Poultry holds the middle ground in the eating-of-animal-flesh debate. It's better for you than beef, but not as good for you as seafood. Compared with beef, poultry is:

  • slightly lower in calories, depending on the cut
  • lower in fat, depending on the cut
  • lower in vitamin B-12
  • lower in zinc and iron (except for turkey breasts)
  • higher in essential fatty acids
  • easier to digest

    It's easier to lower the fat level in chicken or turkey than in beef. The most important thing you can do to get less saturated fat from your bird is to remove the skin, since most of the fat is found here rather than marbled through the bird's muscle. Removing the skin from the poultry reduces the calories by at least 20 percent and the fat by 40-50 percent, but it does not significantly change cholesterol levels.
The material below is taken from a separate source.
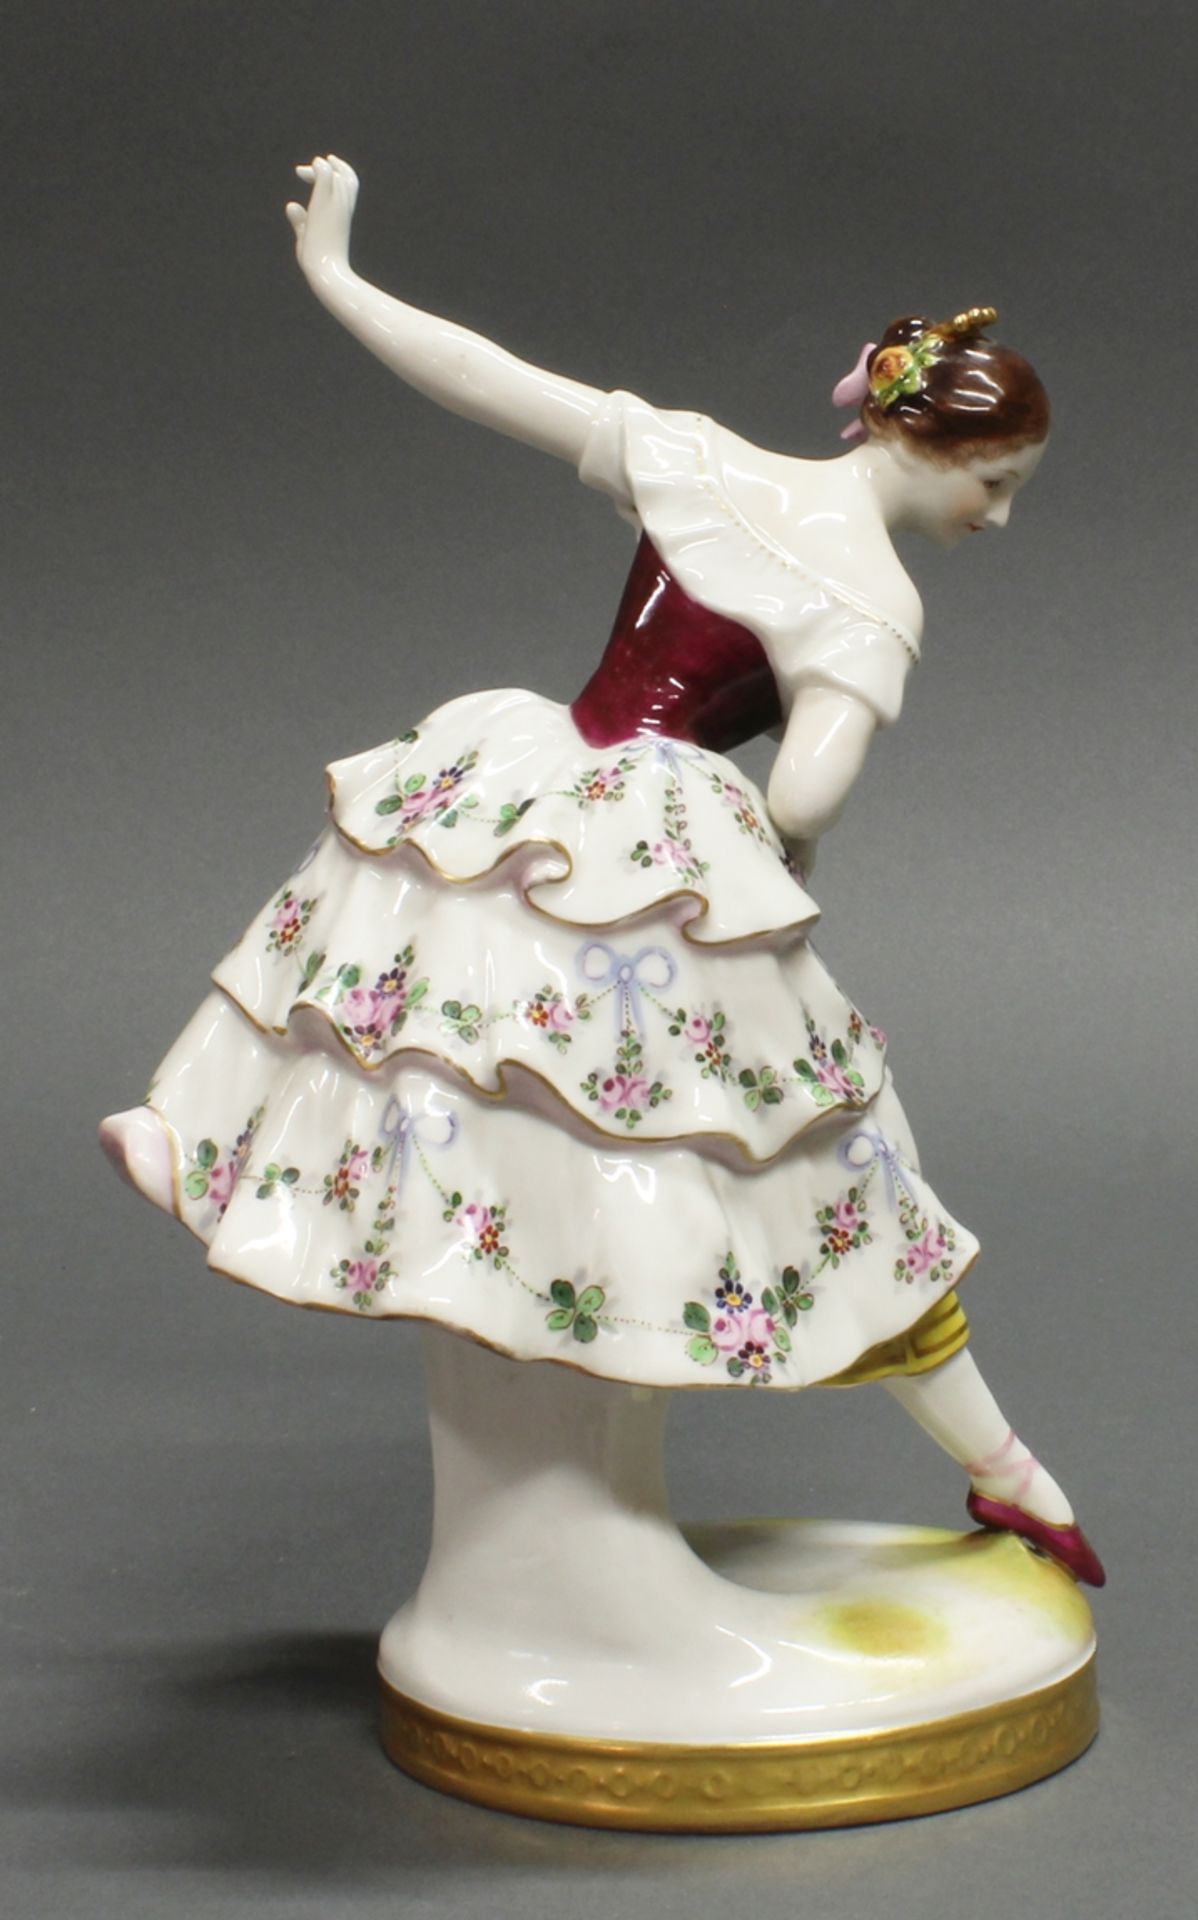 Porzellanfigur, "Tänzerin Fanny Elßler", Volkstedt, 1915-1934, polychrom und goldstaffiert, 23.5 cm - Bild 2 aus 3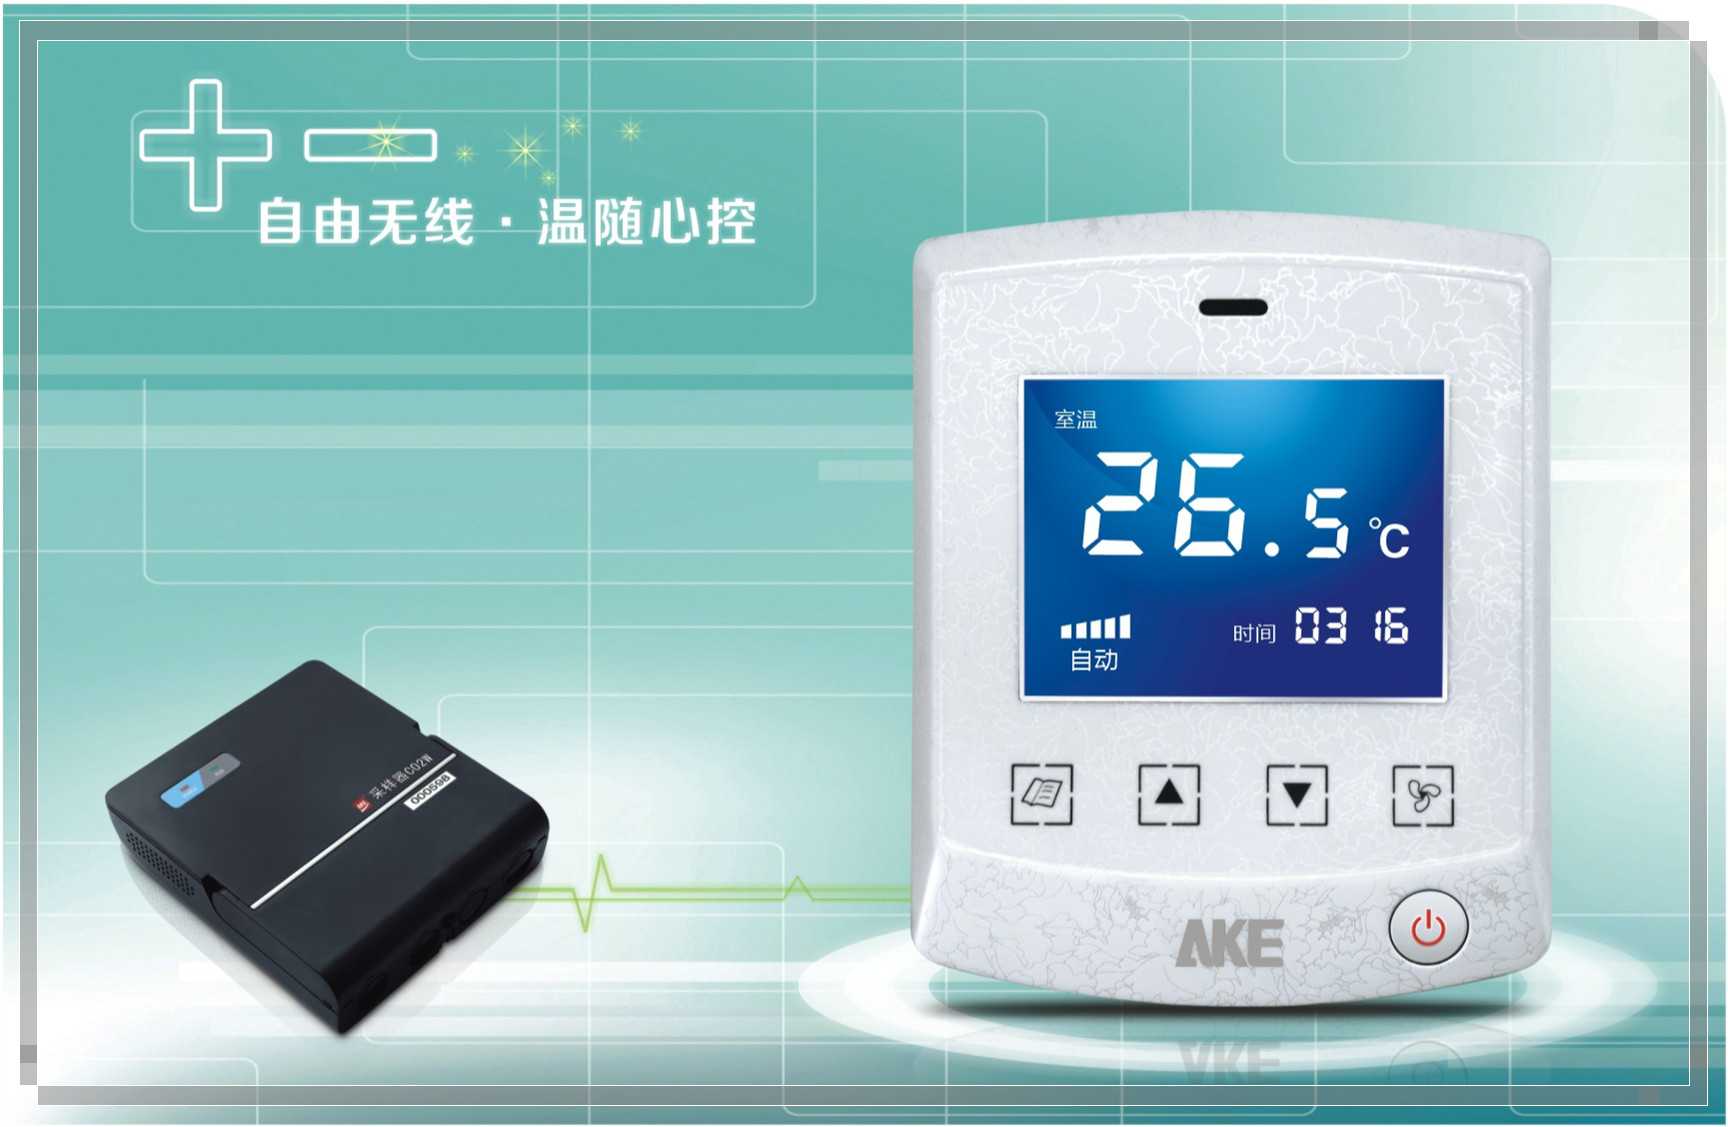 艾科 中央空调计费 建筑能源管理系统 无线空调计量C02W,广东艾科技术股份有限公司

  • Choose white meat over dark meat if avoiding fat is your goal. Compared with white meat, dark meat is approximately 25 percent higher in calories and over twice as high in fat. Dark meat is also slightly higher in cholesterol. White chicken meat is nearly twice as high in niacin. Dark chicken meat offers two-to-three times as much zinc and iron as white meat.
  • Turkey offers certain advantages over chicken. It is around 20 percent lower in calories and 75 percent lower in fat. Turkey is rich in niacin, with 7 milligrams in a 31/2 ounce serving (33 percent of RDA), though this is half the amount in chicken. Turkey contains more zinc and iron and slightly more vitamin E. Three-and-half ounces of turkey breast contain a paltry one gram of fat. Ground turkey patties are a healthy alternative to beef burgers. (Read the label on the ground turkey package. Some ground turkey contains a lot of dark meat and a great deal of fat. Choose your cut of turkey breast and have the butcher grind it for you.)
  • Poultry safety. One problem with poultry is how chickens are raised and fed. At least in theory, free-roaming chickens (listed on menus and labels as "free-range" chickens) produce healthier eggs, at least if they are depending on the chicken feed. If, as studies have shown, free-range chickens produce healthier eggs, perhaps we could assume the meat of free-range chickens is also more nutritious. Common sense would tell us that a healthier chicken who is outdoors in the fresh air and sunshine would be better to eat than one that has spent its short, sad life penned up in a cage unable to roam and search for natural food.